In the space of a week, the leaders of both Armenia and Azerbaijan have visited Georgia amid talk of a far-reaching potential shift in the region’s energy-transit status quo. Hovering over the discussions in Tbilisi are bigger players like Russia and Iran, both looking to increase energy exports via the South Caucasus.
Emerging after a long, November 5 meeting in Tbilisi, Georgian President Giorgi Margvelashvili and Azerbaijani President Ilham Aliyev reaffirmed the exemplary friendship between their two countries, but,
reportedly,
did not mention
the bear in the room
— Russia’s Gazprom, which many Georgians perceive as undermining this friendship by trying to pump more Russian gas into Georgia. It currently mainly runs on Azerbaijani gas.
“Our relations will resist any test,” Margvelashvili said. Also full of praise,
Aliyev
on November 6 rejoiced that the pair does not have “a difference of opinions [on] any issues . . .”
Azerbaijani-Georgian cooperation in energy- transit
“boosts the significance of our countries in the world,” he stressed earlier.
Aliyev missed just by a few days his Armenian counterpart,
Serzh Sargsyan
, who came to Tbilisi on October 30. Sargsyan also spoke of friendship with Georgia, but the widespread perception is that he really came to talk about gas. Armenia depends almost entirely on Gazprom’s supplies.
Caught in the middle between energy powers, Georgia is the switchboard for the region’s energy-transit projects. With the West and Iran now putting aside some of their differences, Tehran has begun testing the ground for
potential exports of gas to Europe through the Azerbaijan-Georgia-Turkey pipeline.
“Transportation through Azerbaijan is one of the ways of bringing Iran’s gas to Europe,” Iranian Minister of Communications Mahmoud Vaezi said during his visit to Baku in August.

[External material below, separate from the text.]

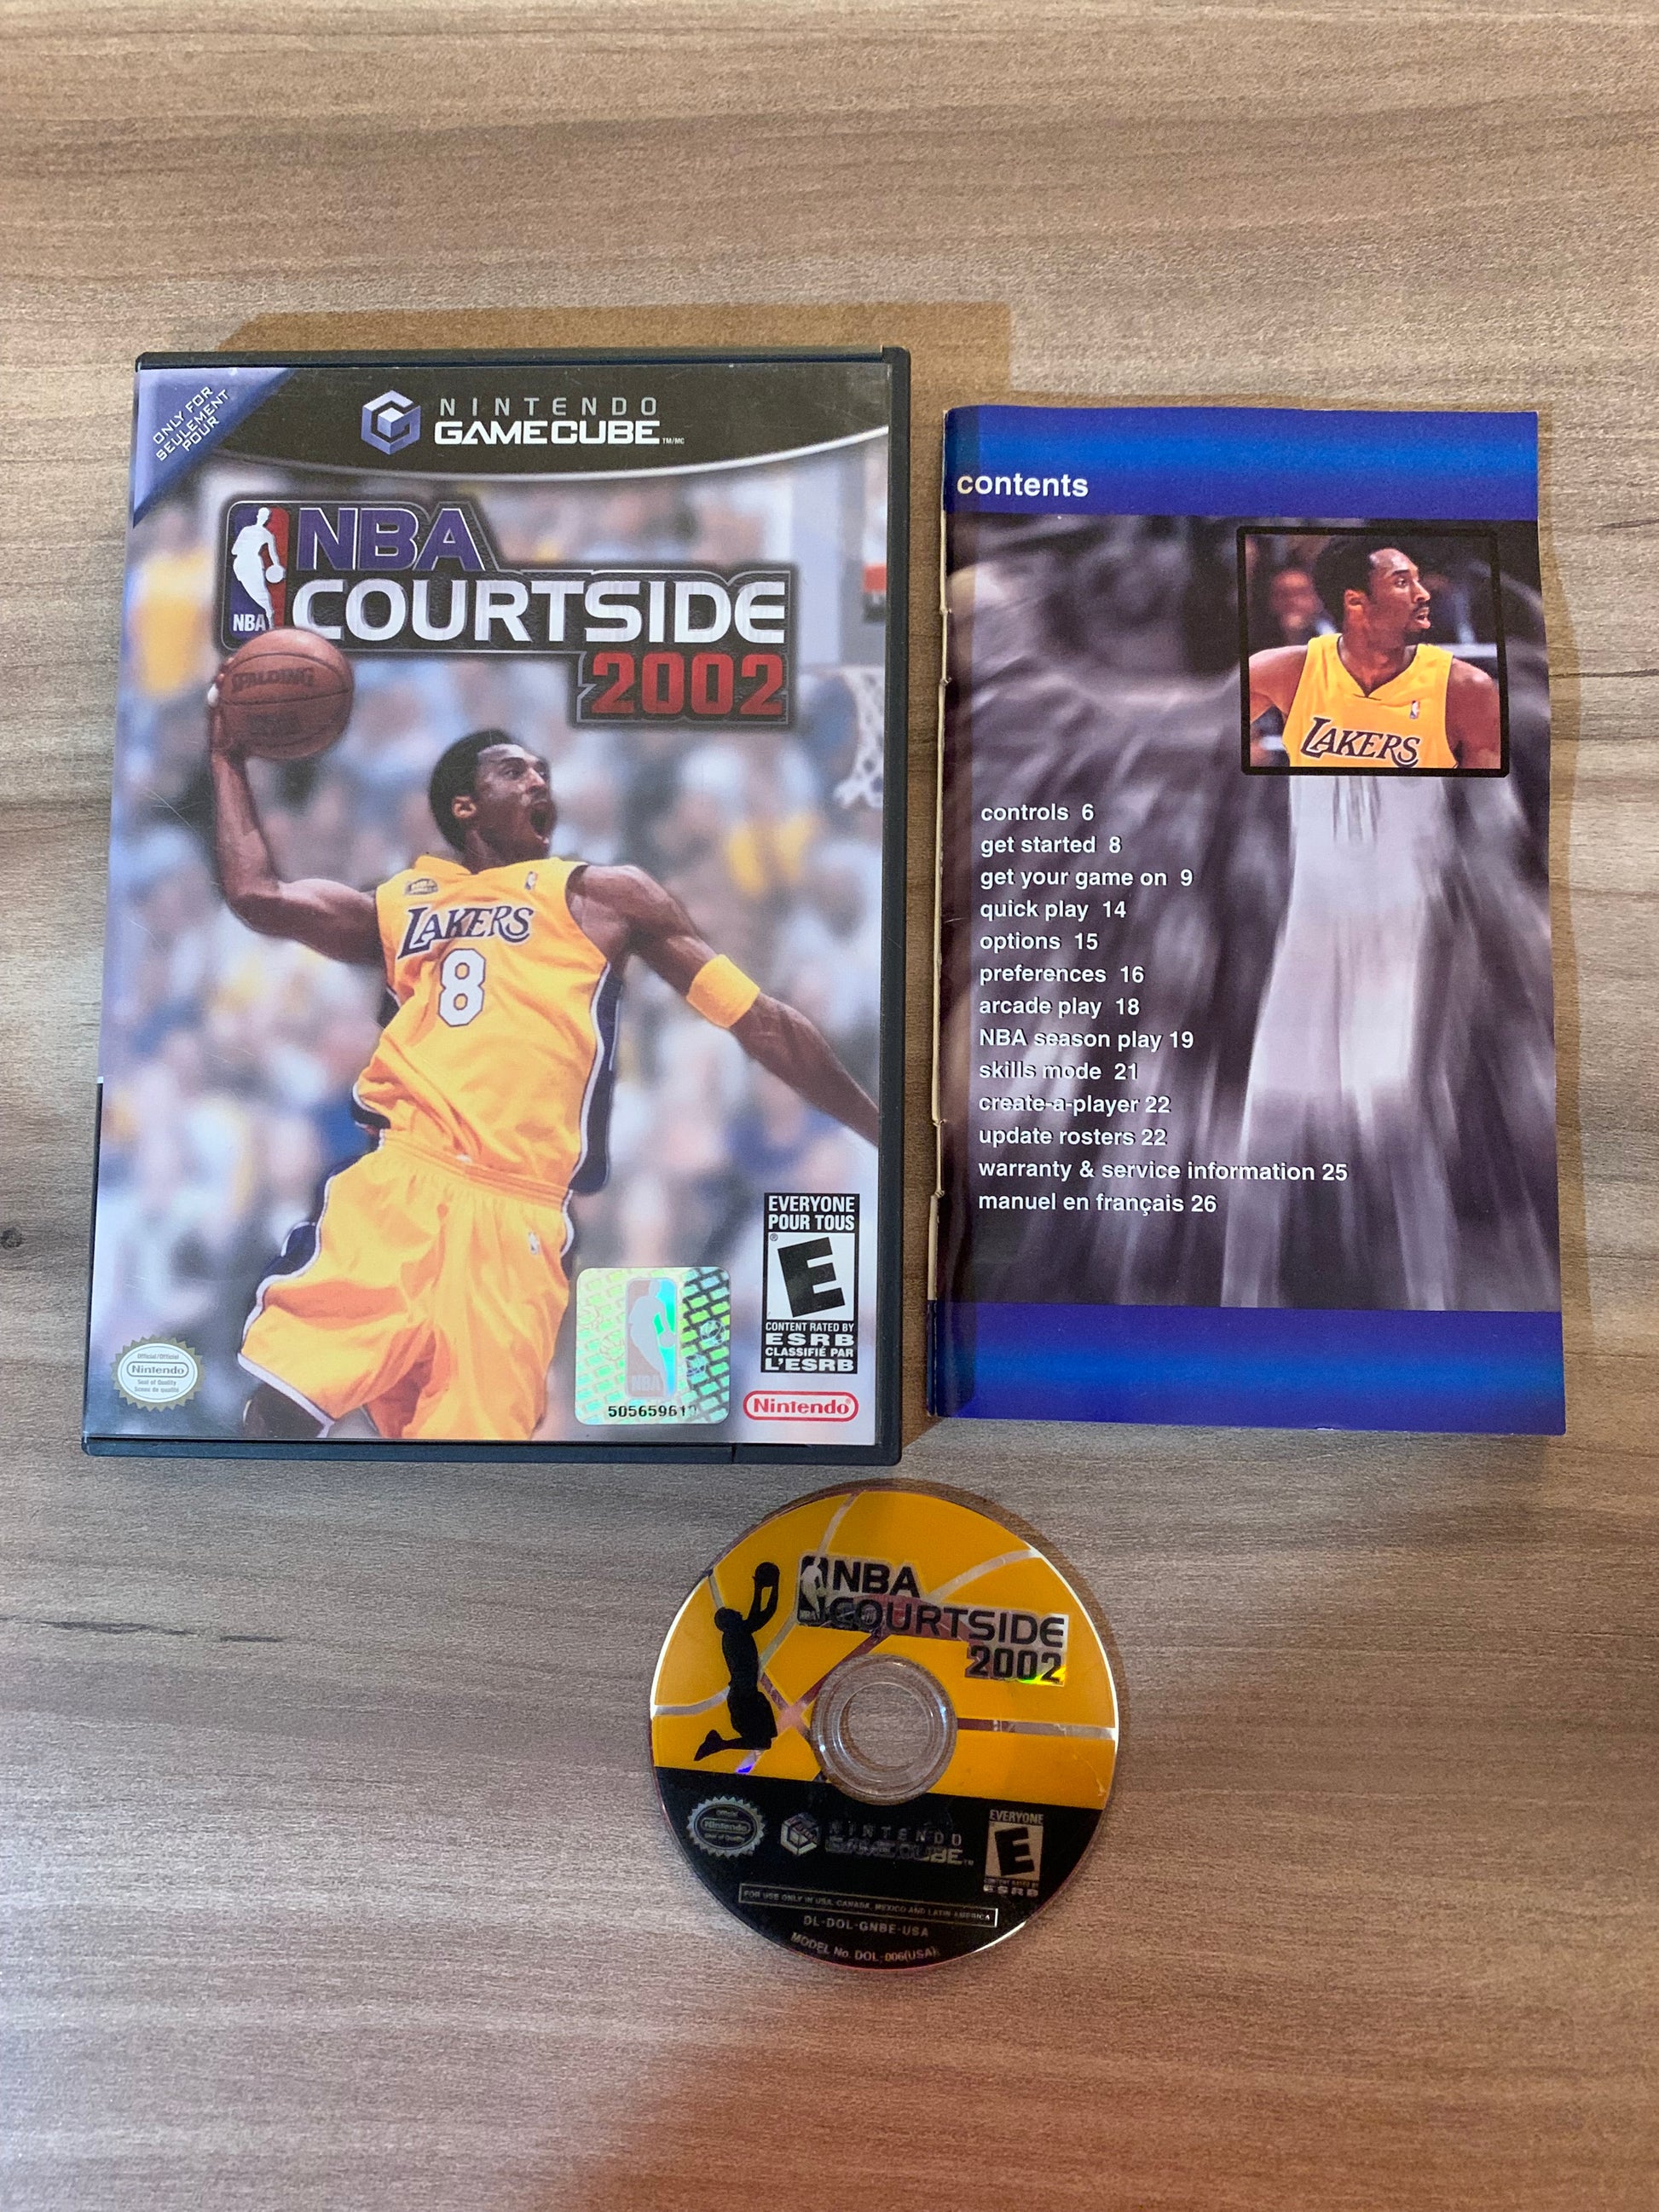 PiXEL-RETRO.COM : NINTENDO GAMECUBE COMPLETE CIB BOX MANUAL GAME NTSC NBA COURSIDE 2002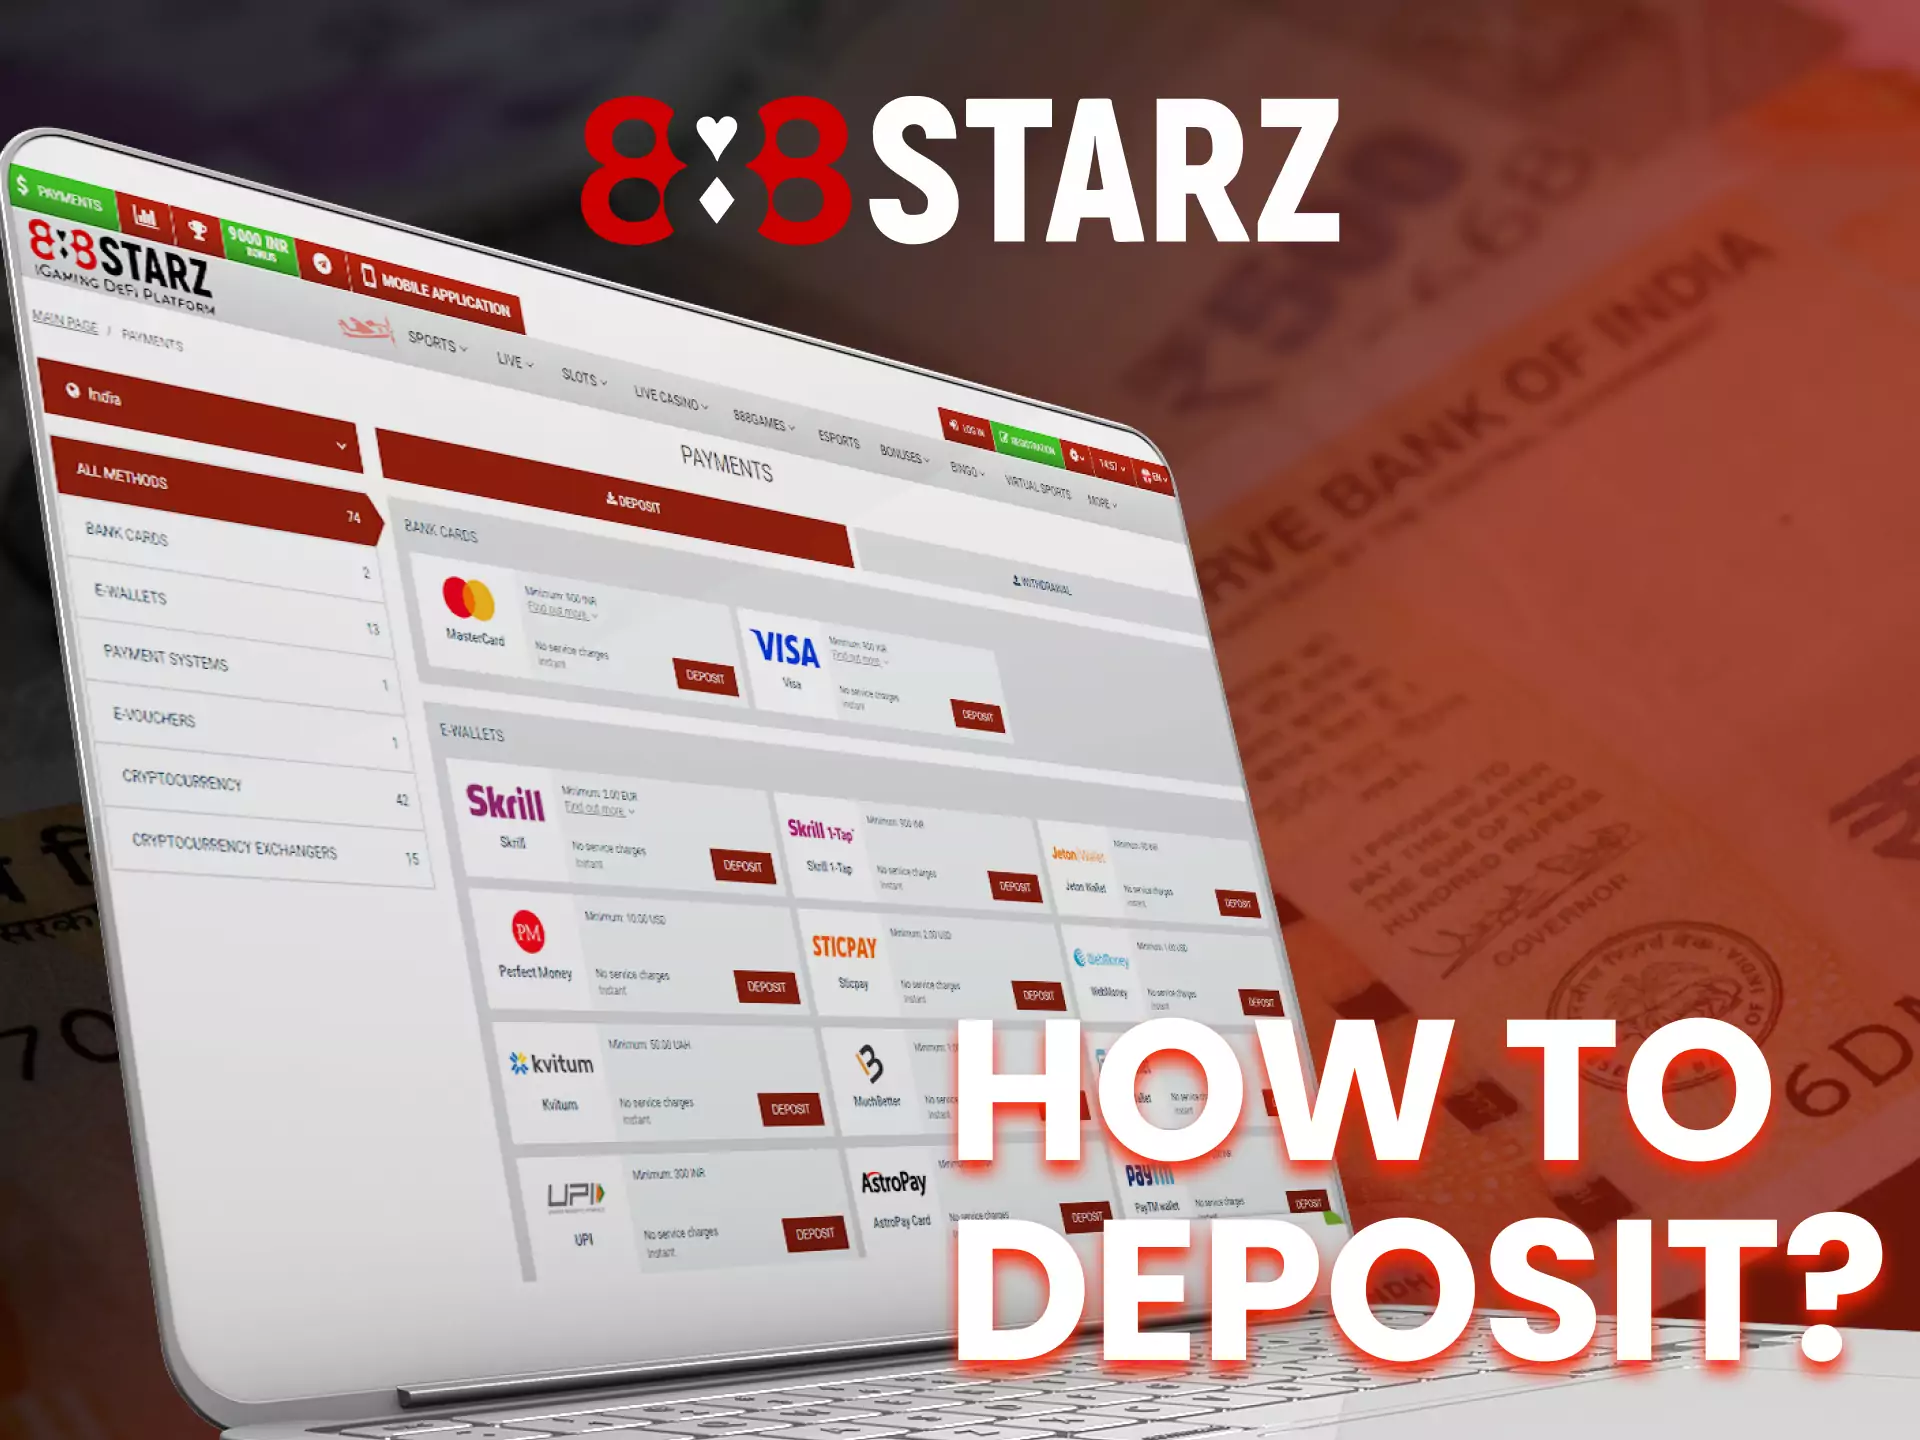 Deposit your money quicker at 888starz.

Vaezi said Iran is looking to join the Southern Gas Corridor, the first leg of which is the South Caucasus Export Pipeline across Georgia and into Turkey.
Iran is also an option for Georgia to meet is its domestic demand for gas.
Georgian Energy Minister Kakha Kaladze
reportedly plans a visit to Tehran to discuss just that.
On the European front, Iran and Russia are shaping up as potential competitors, but for now seem to be looking for ways of cooperation.
Tehran
recently announced that it is negotiating an oil and gas swap with Russia via the Caspian Sea.
That has caused ears also to prick up in Armenia, the site of
an Iranian gas pipeline controlled by a local affiliate of Gazprom.
Russia’s plans to increase gas supplies to Armenia and, possibly, Georgia, however, have not been uniformly warmly embraced.
Kaladze’s meetings with Gazprom touched off
a flurry of protests
in Georgia, with claims that the country’s energy independence — and, by extension, its ability to steer away from Russia and into Euro-Atlantic alliances — is at risk.
Kaladze insisted that the talks are focused on increasing Russia’s transit-gas to Armenia, but said that it also has to do with making Russian energy available to unnamed companies in Georgia.
Kaladze also claimed that Georgia, like any country, needs to diversify its energy supply sources. Other Georgian officials and commentators also said that over-reliance on a single source of natural gas puts Georgia in a potentially precarious position.
If that desire for diversification concerned Aliyev, he didn’t show it. He stressed
on November 5
that Azerbaijan has enough gas to meet its own needs as well as neighboring countries for 100 years to come, and send significant supplies to Europe, too.